Please give the lines below again exactly as they stand, from the one that contains "I’m pregnant and my boyfriend is in jail" up to and including the one that contains "Wine From Around", leaving all pictures out.

EXTRACTED RECORDS.
· · · ·
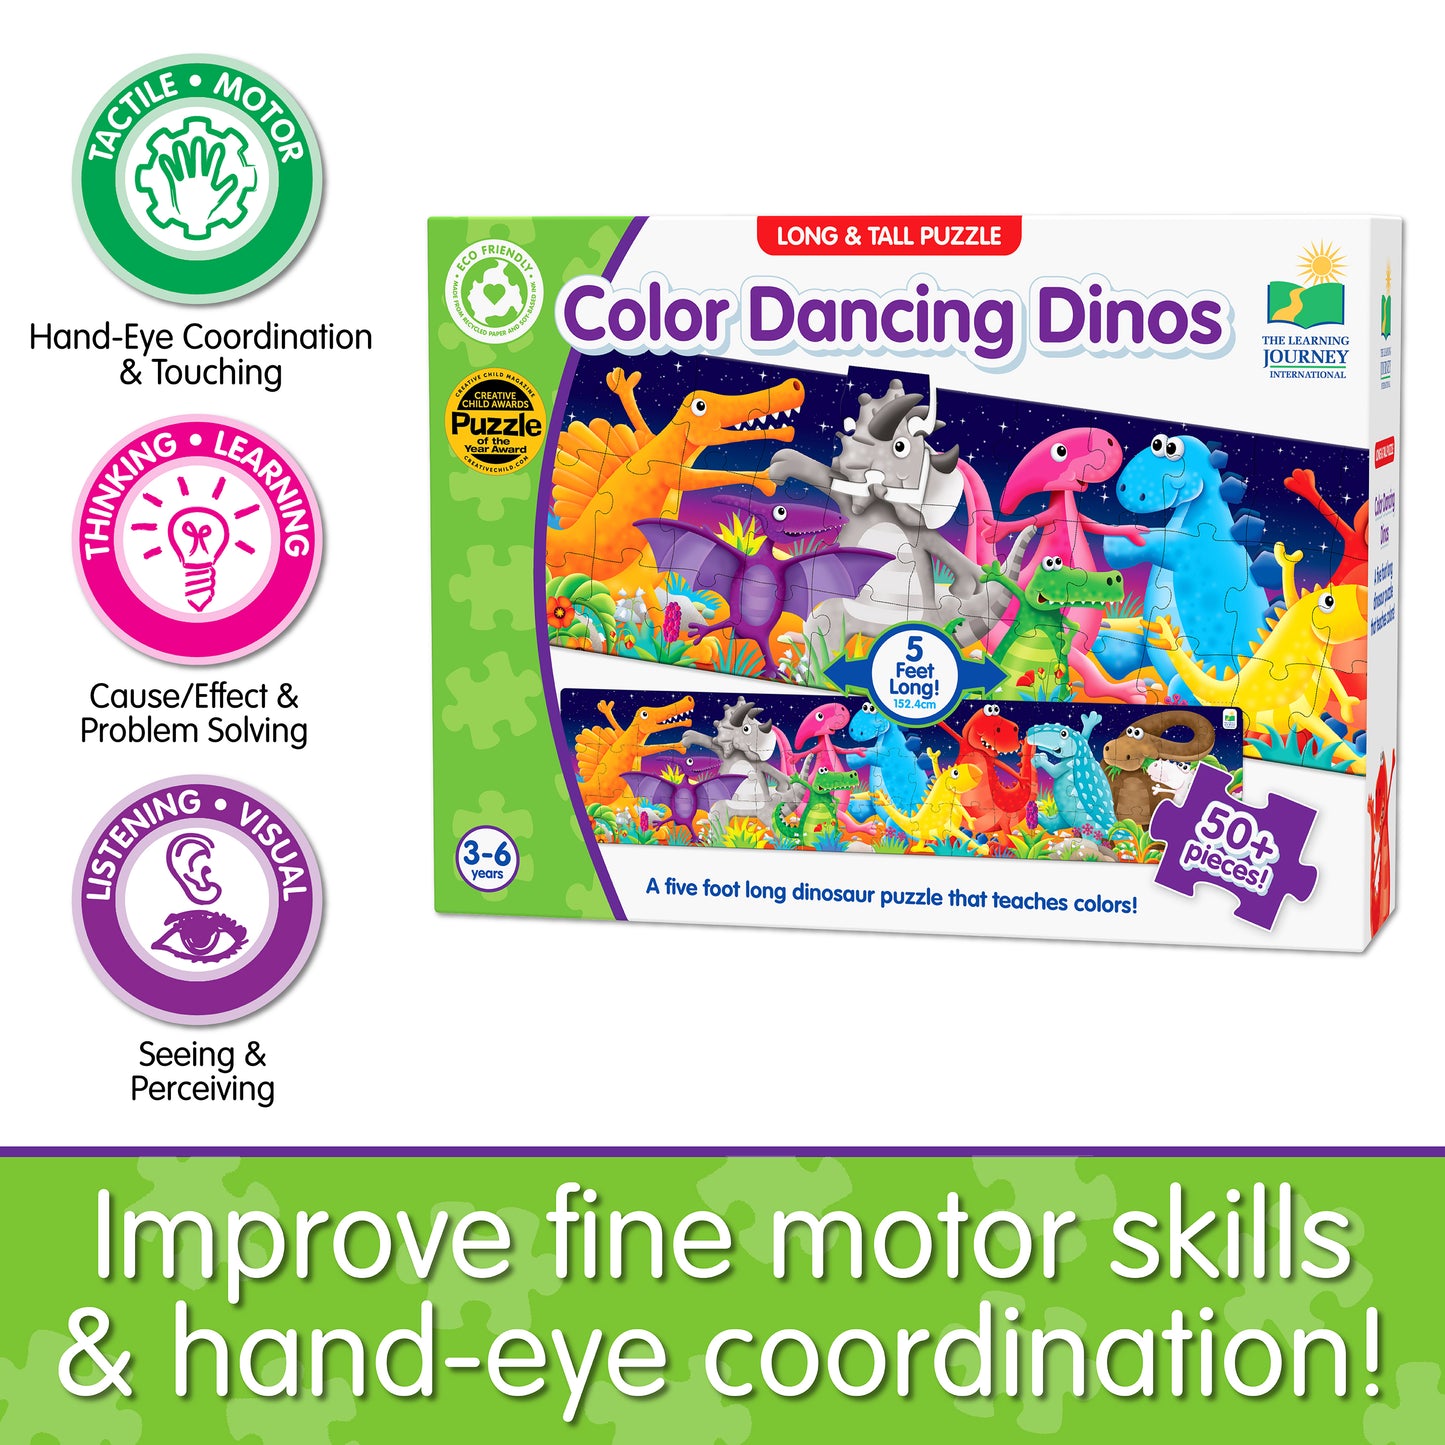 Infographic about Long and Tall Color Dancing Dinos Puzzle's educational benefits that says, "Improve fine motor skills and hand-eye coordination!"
· · · ·
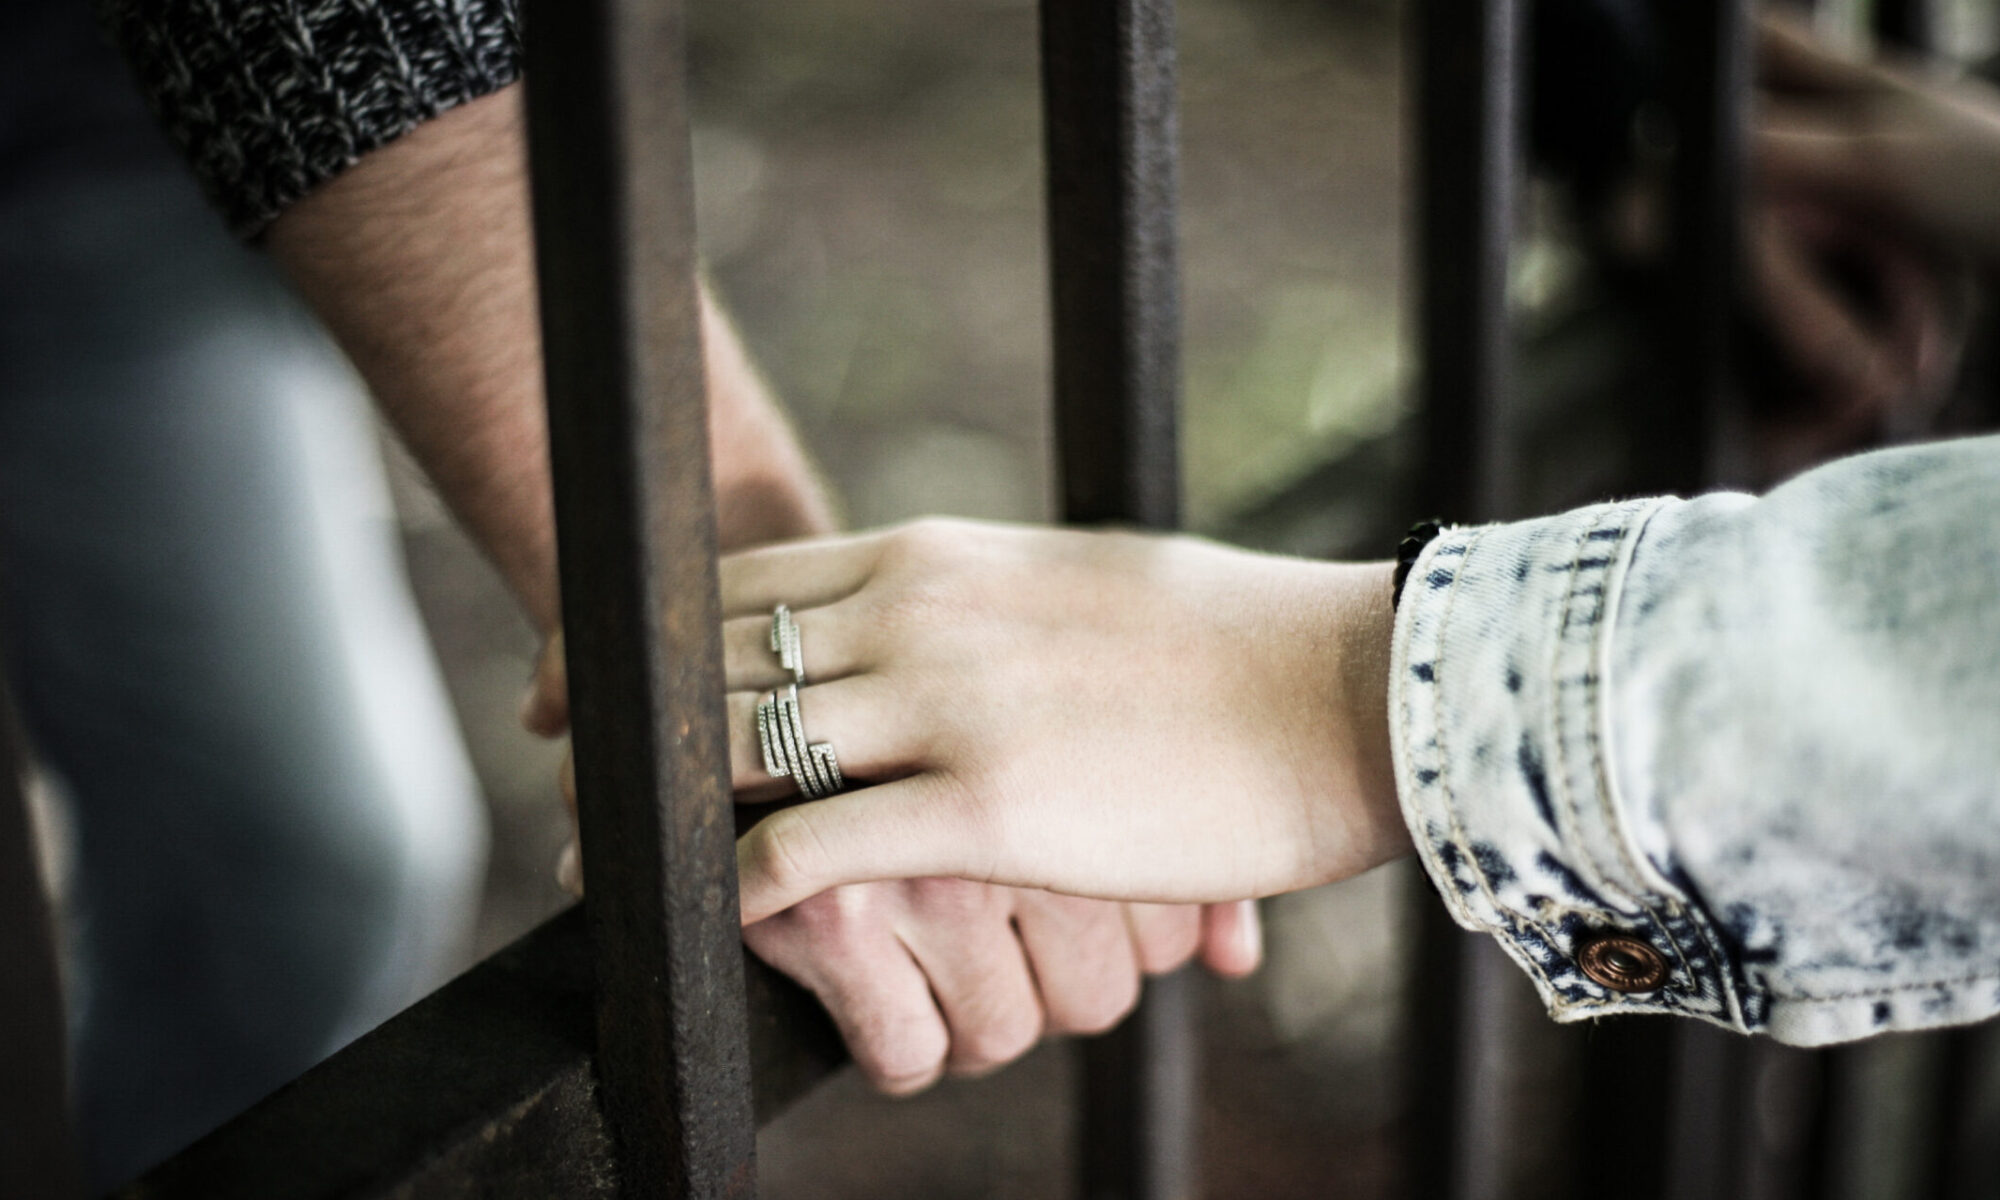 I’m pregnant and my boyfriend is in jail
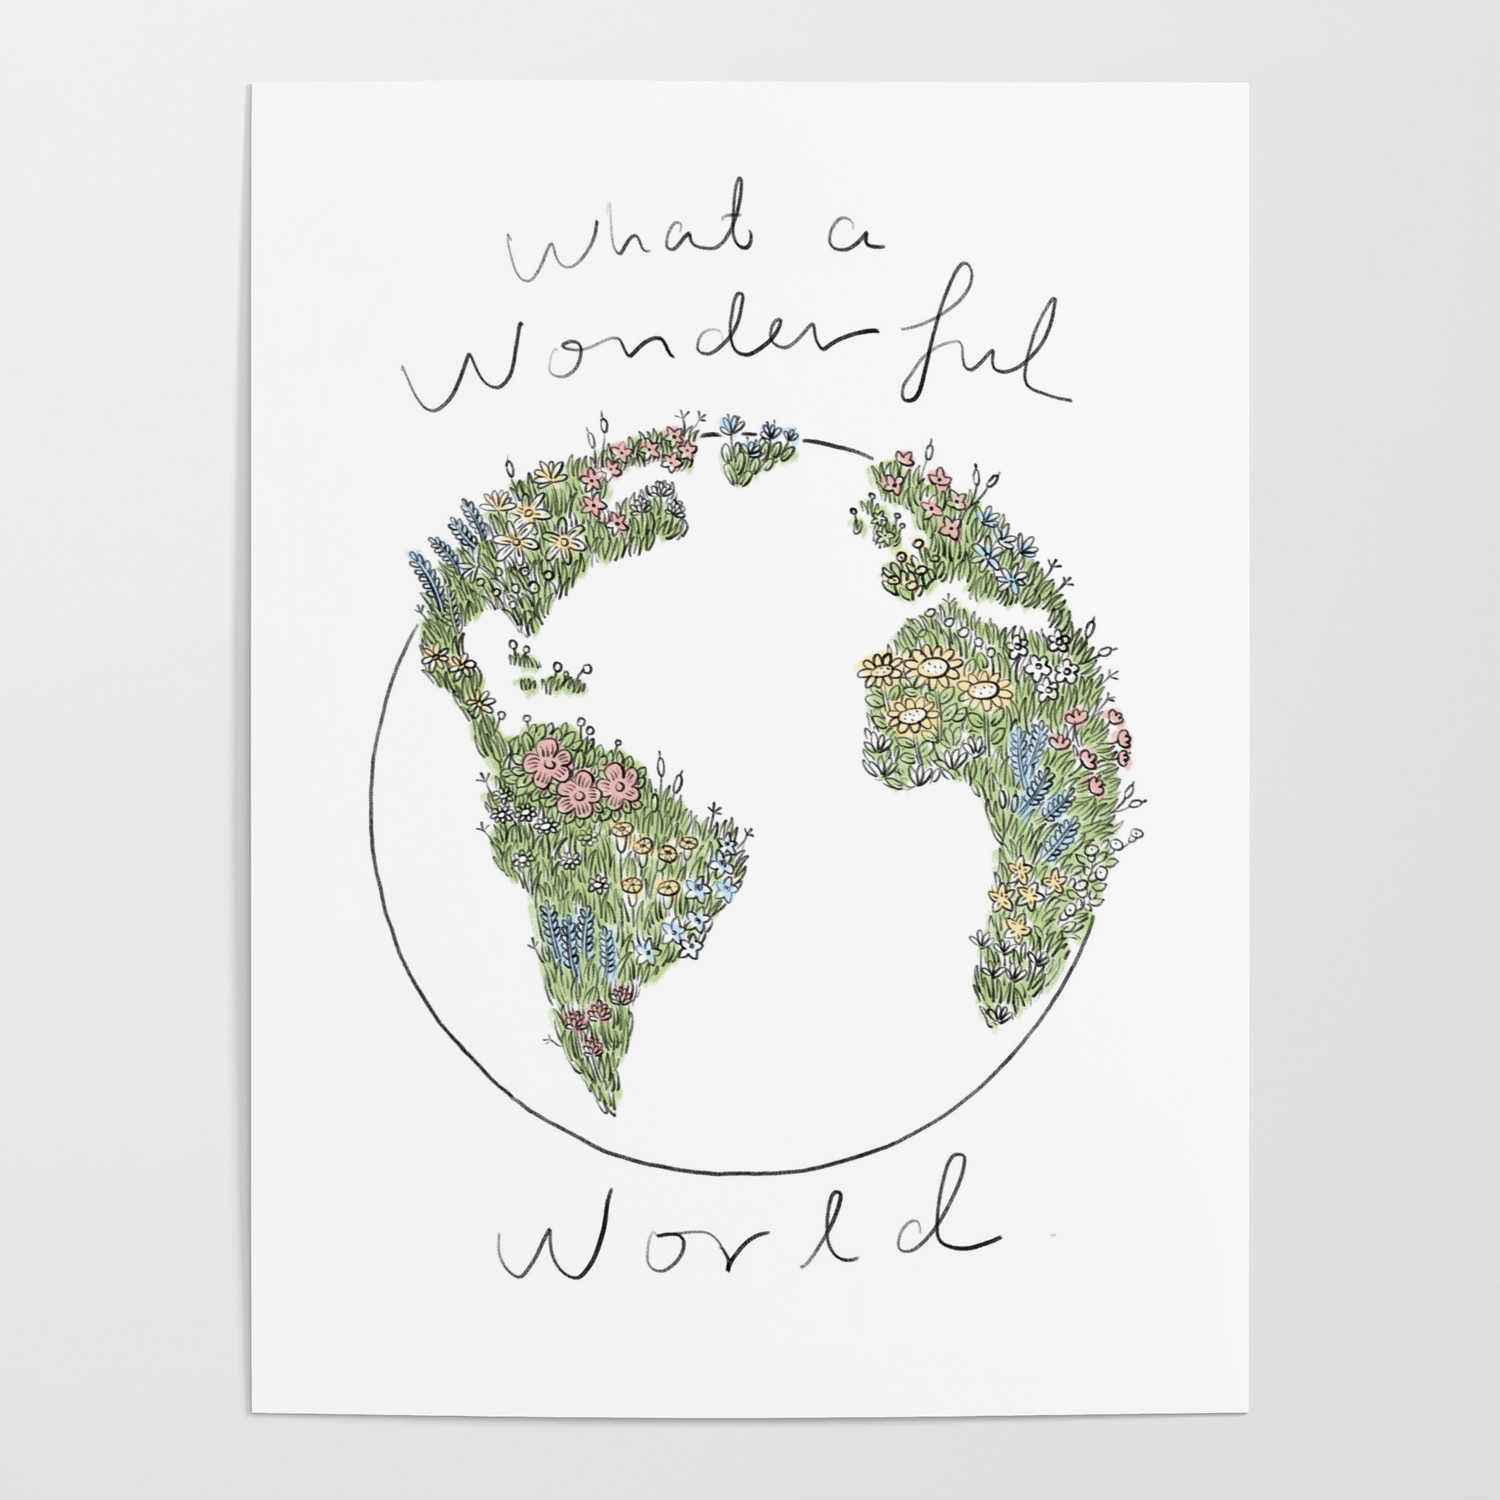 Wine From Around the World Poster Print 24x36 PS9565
· · · ·
RESPONSE BOX.
 I’m pregnant and my boyfriend is in jail
 Wine From Around the World Poster Print 24x36 PS9565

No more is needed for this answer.